A partnership between six different colleges and schools across Texas A&M, including the College of Education and Human Development, will help prepare graduates to defend against a national security concern – with a minor in cybersecurity. The minor, offered beginning in the 2016-17 academic year, will give students a wide range of class options from programming to forensic investigative sciences.
“The growing concern is the cybersecurity arena because now that we have this network of networks, information is literally available at your fingertips and so are all kinds of other things,” said Dr. Robert Jones, clinical assistant professor of technology management. “Here at Texas A&M we’re all required to take security training every single year and there’s a reason for that. The potential risk and liability is huge for something to get out and that’s only increasing as more and more pieces of data get linked together.”
Cyberspace and its underlying infrastructure are vulnerable to a wide range of risk and many traditional crimes are now being perpetrated through cyberspace. This includes child exploitation, banking and financial fraud, intellectual property violations and other crimes, all of which have substantial consequences.
“With all the data out there and circling around about you, there’s the idea that you’re one of 300 million people in the United States, so there’s some idea of safety and anonymity in numbers. However, if you take that magnifying glass and you’re the little ant that someone chose to shine that magnifying glass right on you, that can get very uncomfortable very fast,” said Dr. Jones.
The problem is securing that cyberspace. With an increased risk for wide scale events that could disrupt services that our economy and millions of Americans rely on, strengthening the security of cyberspace has become an important homeland security mission.
In 2013, President Obama signed an executive order to improve critical infrastructure cybersecurity. It is designed to increase the level of core capabilities for critical infrastructure to manage cyber risk by focusing on information sharing, privacy and the adoption of cybersecurity practices. The concern is there are not enough information technology professionals to handle the increased cybersecurity threat.

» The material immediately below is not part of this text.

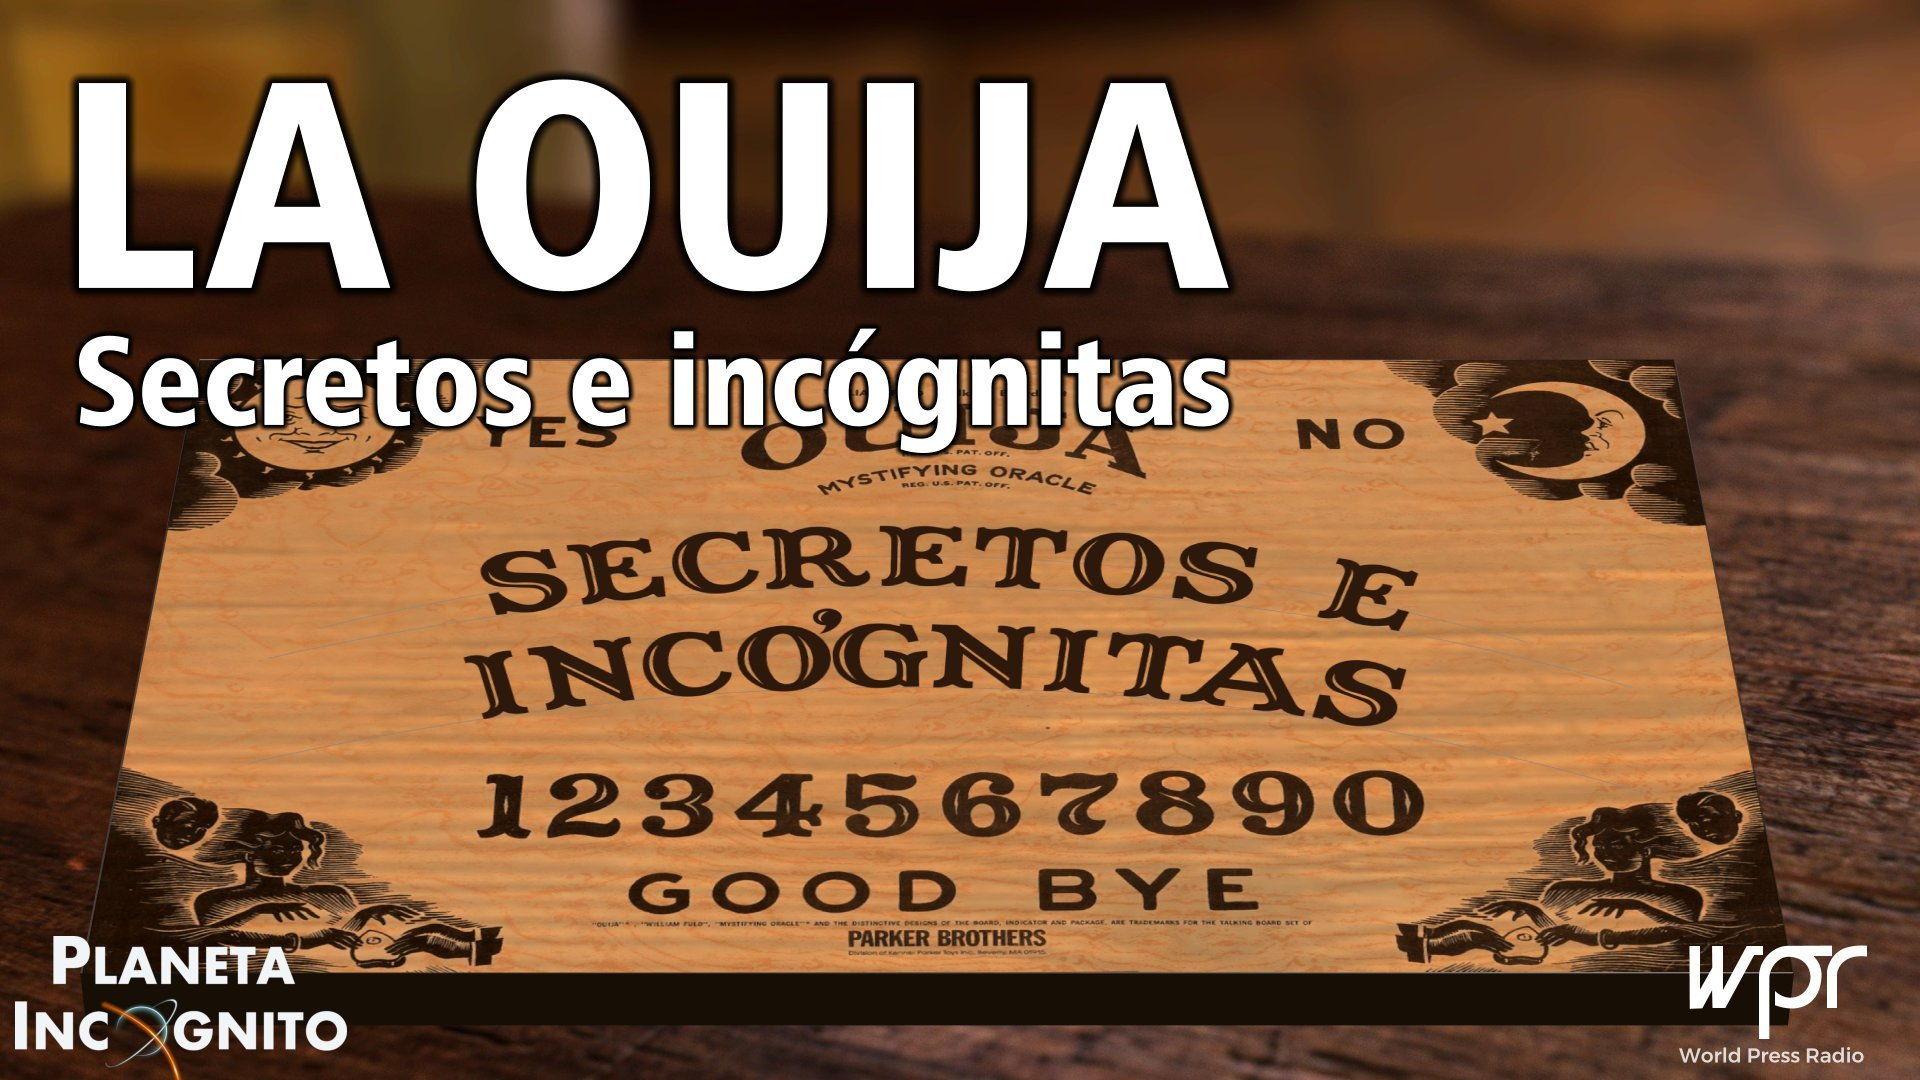 Ouija169, Planeta Incógnito

“There is a groundswell of demand, growing daily, for a more cyber savvy workforce, and more specifically, for a corps of well-educated cybersecurity professionals,” explains Dr. Daniel Ragsdale, director of the Texas A&M Cybersecurity Center. “Many of our key partners in industry are asking us to move quickly to prepare graduates for careers in cybersecurity professions and, more broadly, to help contribute to the development of a workforce that fully appreciates the increasing threat posed by malicious cyber actors.”
The hope is to create a Cybersecurity Certificate as well as an undergraduate major as early as the 2017-18 academic year.
“What the provost has said to us in the past is that you don’t just grow programs because you can grow programs. You grow programs to meet the needs of our stakeholders which is the workforce of Texas,” explained Dr. Jones. “With that in mind, this definitely is something that there needs to be growth in within Texas A&M – not just to meet the immediate needs of Texas but also our national security policy and national interests.”